No one realizes how beautiful it is to travel until he comes home and rests his head on his old, familiar pillow.
I really love this quote by Lin Yutang, though I don’t think I ever truly could relate to it until now. Being home in Maryland these past few days has been wonderful. I thought I would feel like a stranger in my house, but it’s been amazing to me how quickly I fell back into my old routine. There have been definite moments where I have thought to myself, “Wow, this feels so different than Spain.” Those moments, however, have been more in stores, on the metro, or while watching TV. When it comes to time with my family, however, it’s like nothing has changed.

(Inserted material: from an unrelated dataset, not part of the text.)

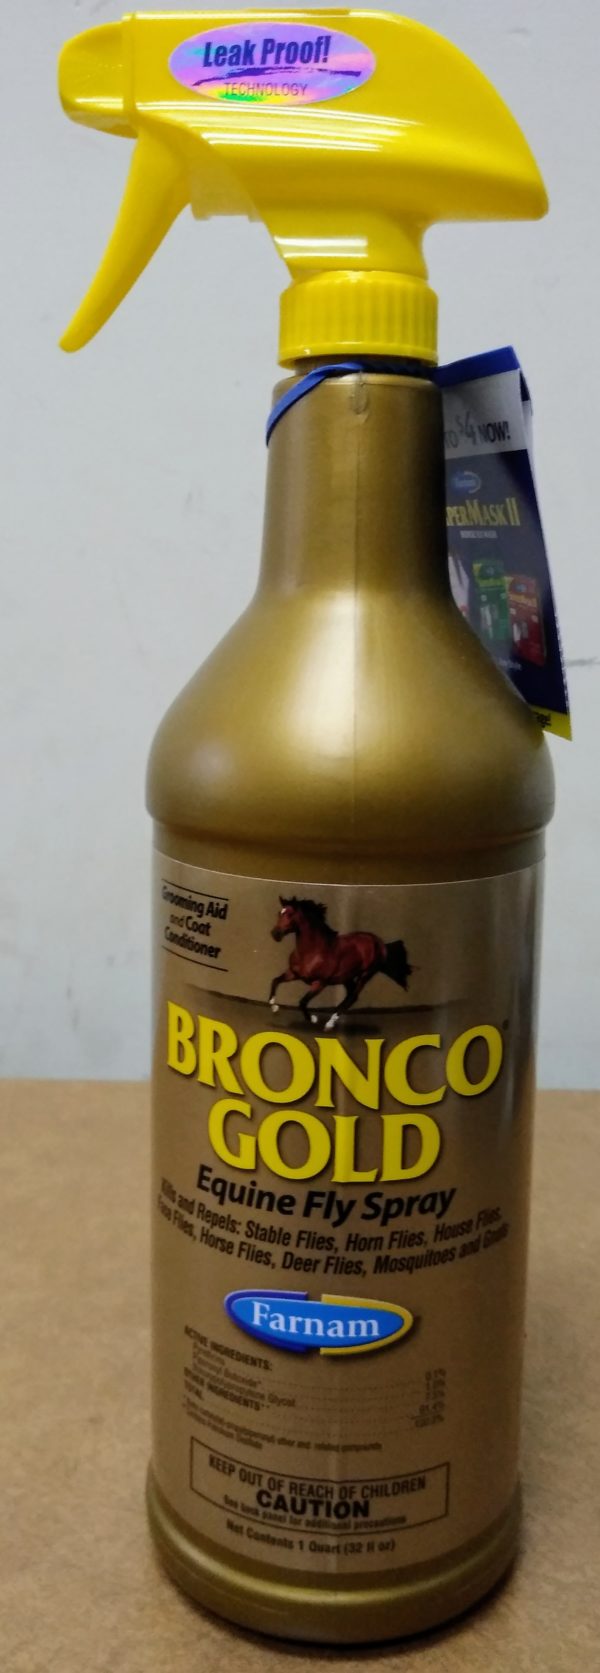 Bronco Gold Equine Fly Spray 32 OZ
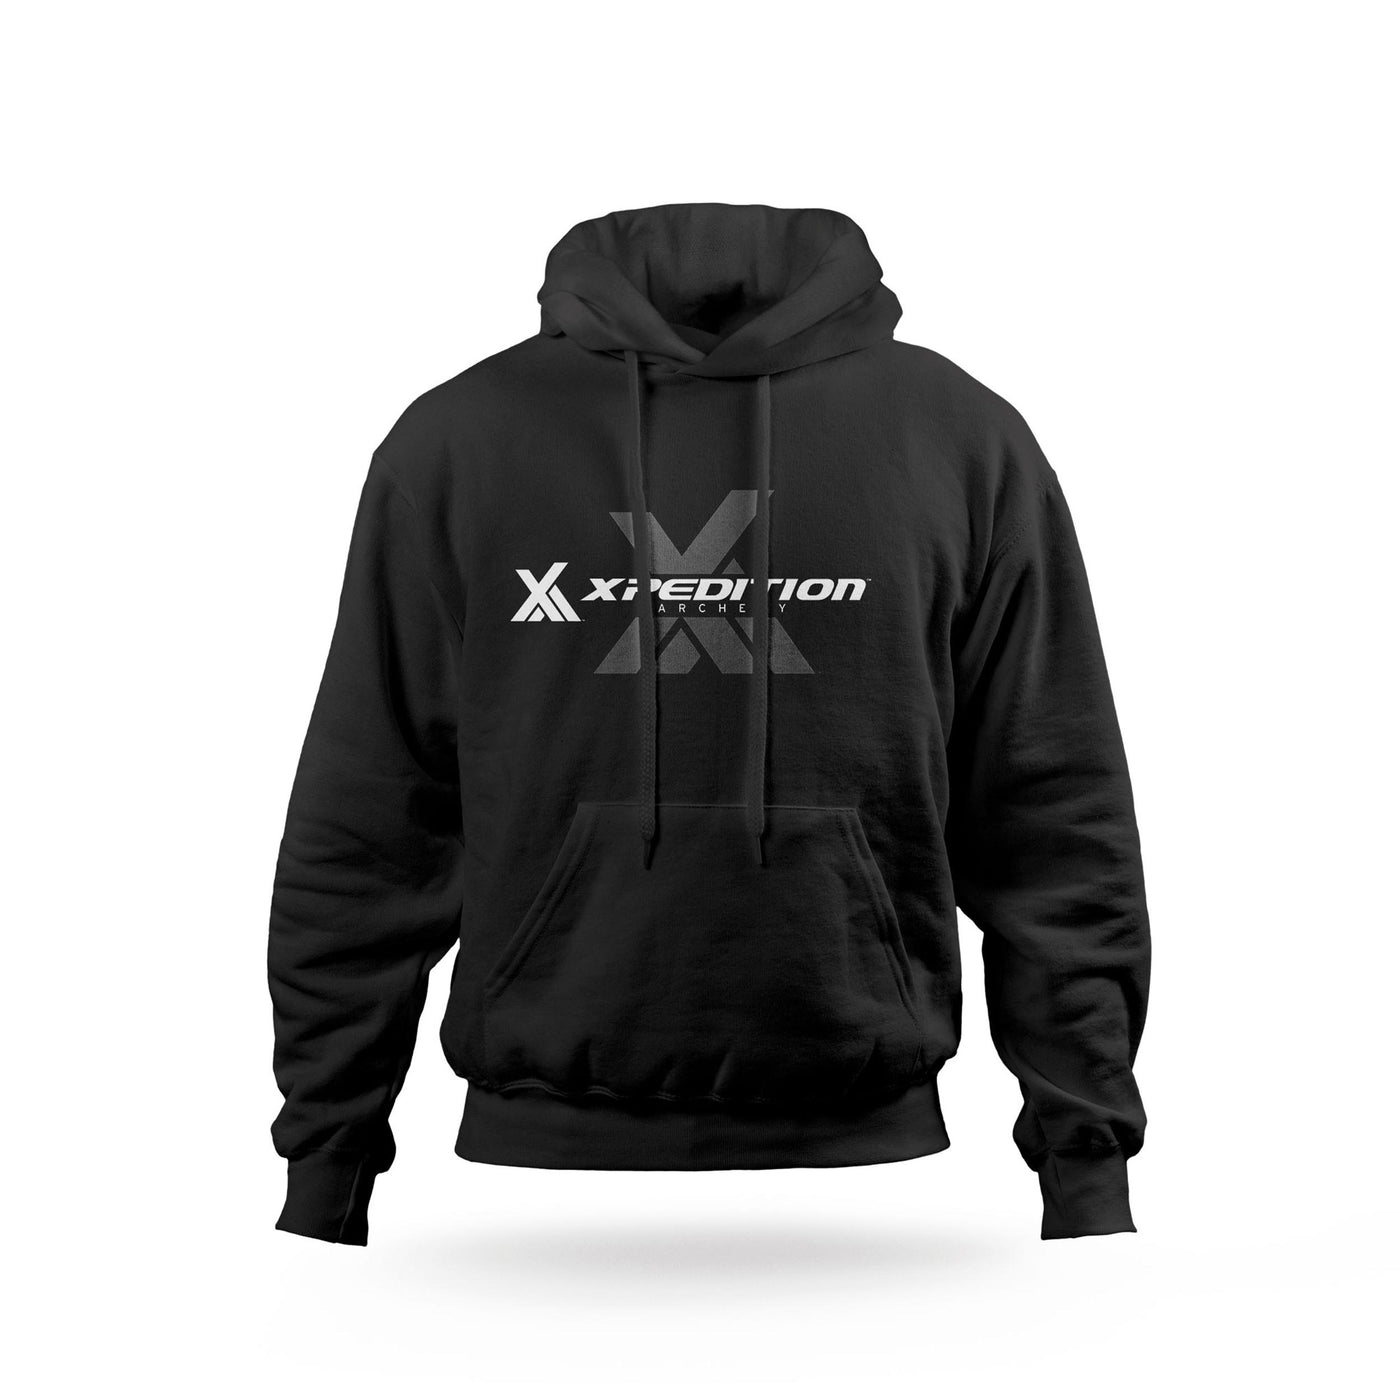 Xpedition Logo Black Hoodie

When so many people think of “home” they think of their room and their bed or places in their town that they love. Living in Spain these past few months and now returning to Maryland for the holidays has made me realize that for me my home isn’t my house, my room, or even my state. My home is my family. And it is nice to come to this realization. When I started this Spain adventure, I thought that maybe I’d like it so much that I’d want to stay in Spain/Europe for a few years (and I would certainly like to do another year in the BEDA program), but I don’t think I can ever see myself settling down in a place where my family is not. I know that for many people that is not the case, they could settle down anywhere and be fine with just seeing their family every once in awhile. That is just not the case with me. And I am okay with that.
I leave for Spain again in a few days and I plan to enjoy the rest of my time there to the fullest and make as many memories as possible, but I love the fact that I know that in a few months I will be reunited once again with my family. I don’t care if we are in Maryland, Spain, Puerto Rico, or Timbuktu, as long as I am with family, I’m home.